New Stability Concept for Primary Controlled Variable Speed Wind Turbines Considering Wind Fluctuations and Power Smoothing

With a further expansion of the wind energy sector, wind turbines (WTs) have an increasing impact on grid stability. Requirements for a grid connection are adapted continuously, especially for frequency support and the fault ride through (FRT) behavior of WTs. Besides the objectives of robust operational stability and maximum energy yield, a smooth of active power is also of interest to reach efficient load to generation balancing of the grid. With stochastic wind fluctuations, power smoothing methods gain importance, but in combination with primary power control, operation points (OPs) with the risk of operational instability occur. In these OPs with speeds below the maximum power point (MPP), a deceleration of the drive train to standstill is possible. While, so far, to ensure a stable operation especially variable droop is preferred for a WT with power controlled generator, a method to guarantee stability on conventional controller principles with constant droop is missing.
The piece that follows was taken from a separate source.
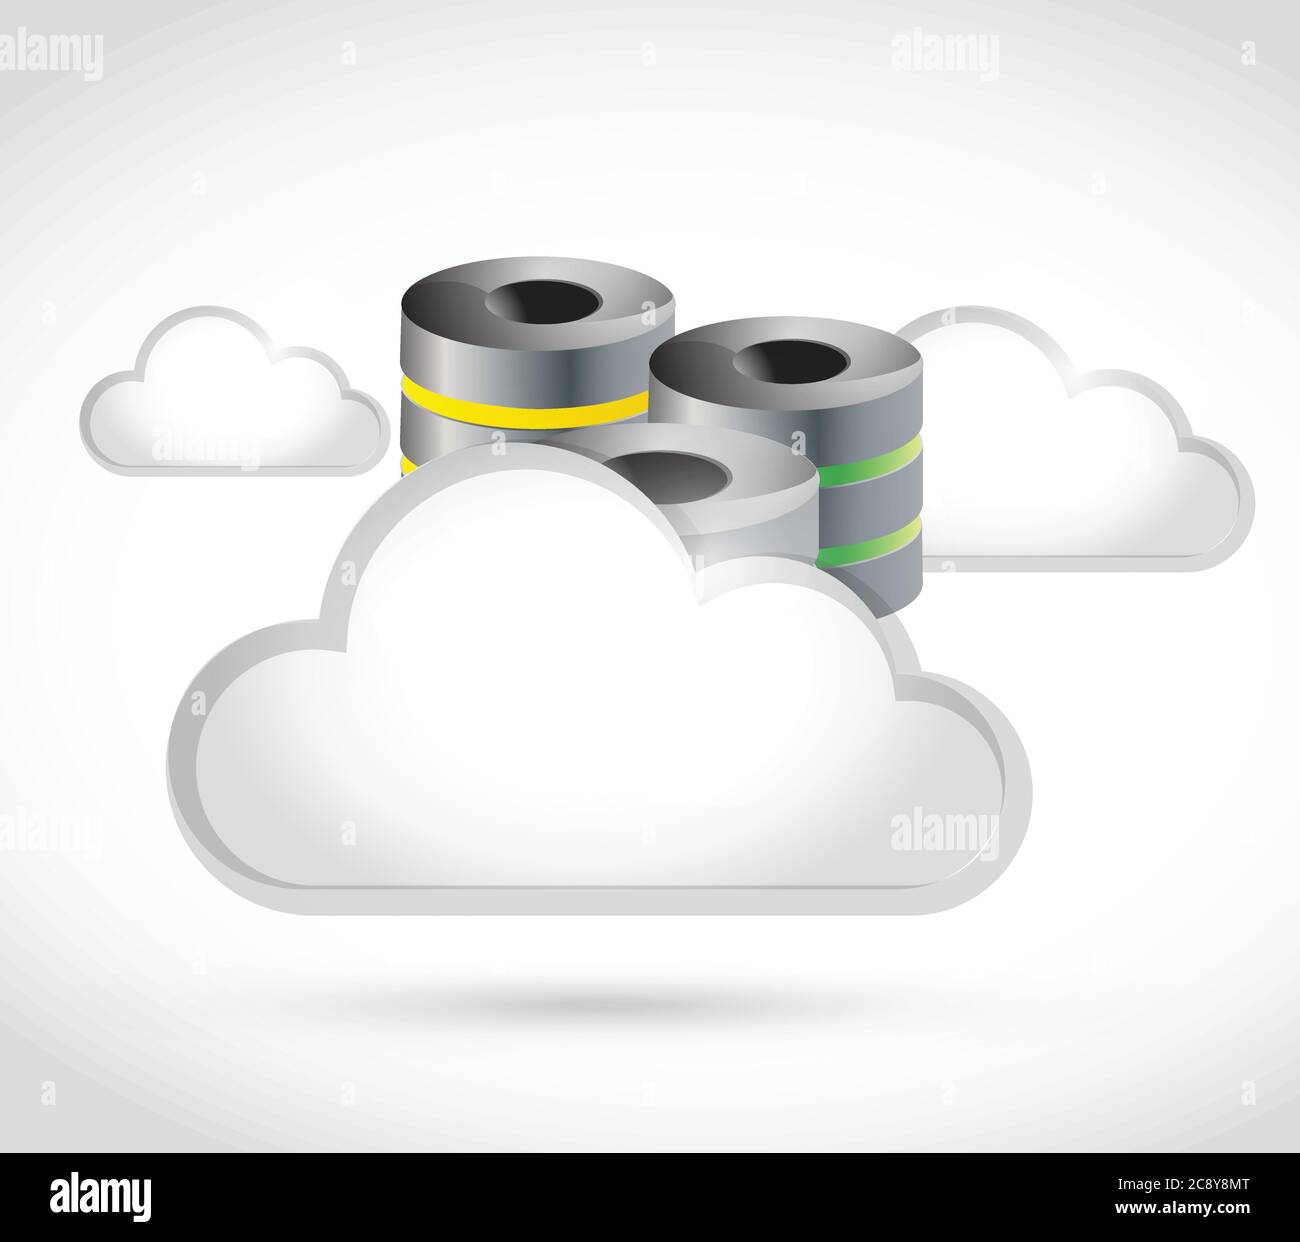 White clouds and storage illustration design over a white background Stock Vector
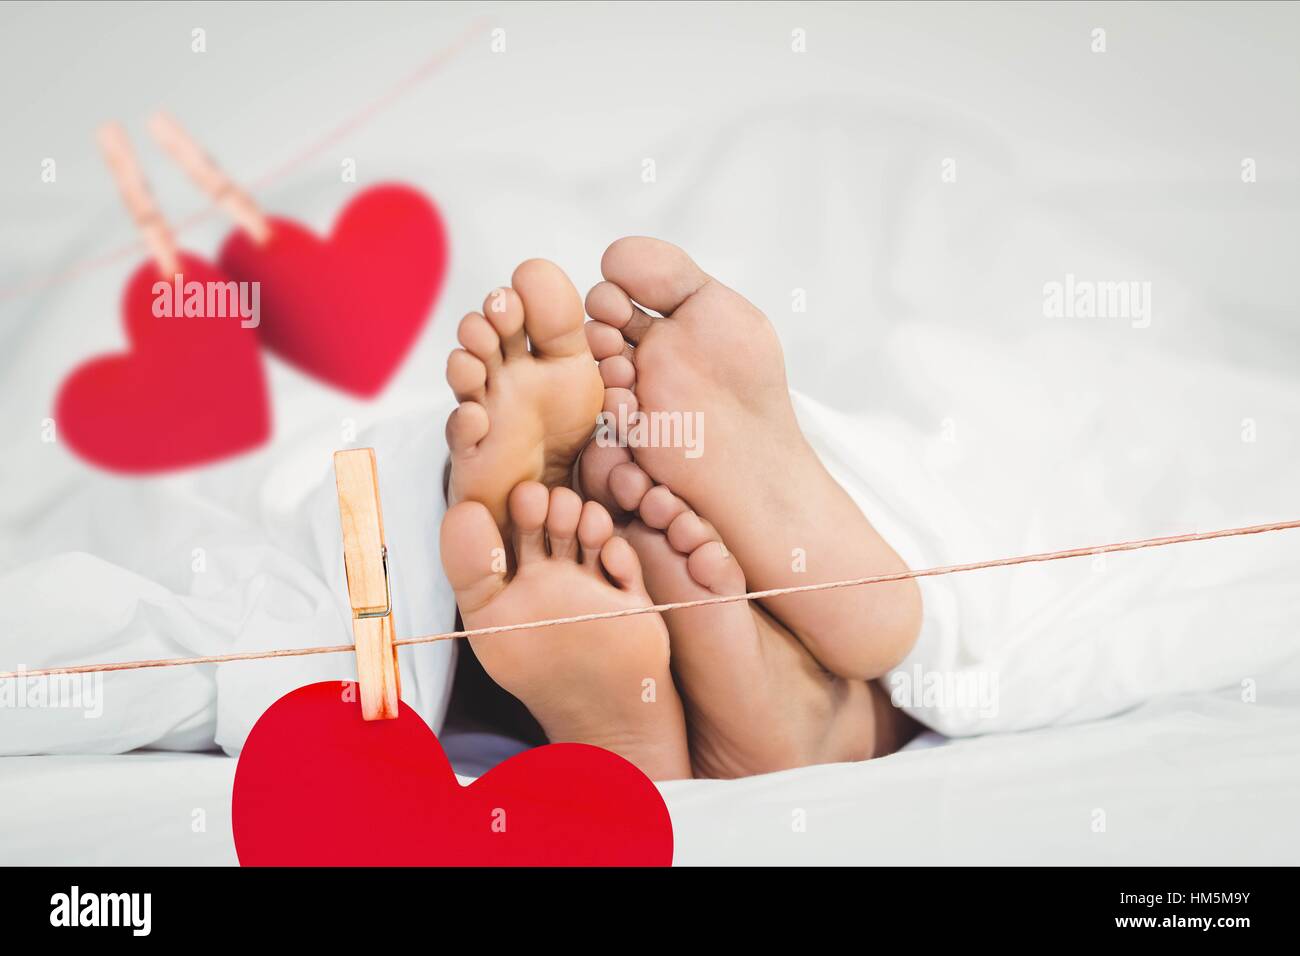 Composite image of red hanging hearts and couple lying on bed Stock Photo

Therefore, in this article, a control structure with power smoothing, constant droop, and a stabilizing limitation called MPP-limiter is presented, which ensure robust operational stability of the WT without requirements for additional safety margins. Therewith, the provision of the full primary control power is passible. Based on theoretical investigations, parameter studies, individual scenarios, and test bench results, the demand for the MPP-limiter from a stability perspective is shown. Advantages of the power smoothing and its effect on the energy yield are explained, like an increase of 6 % of total energy in the transition range between partial and full load.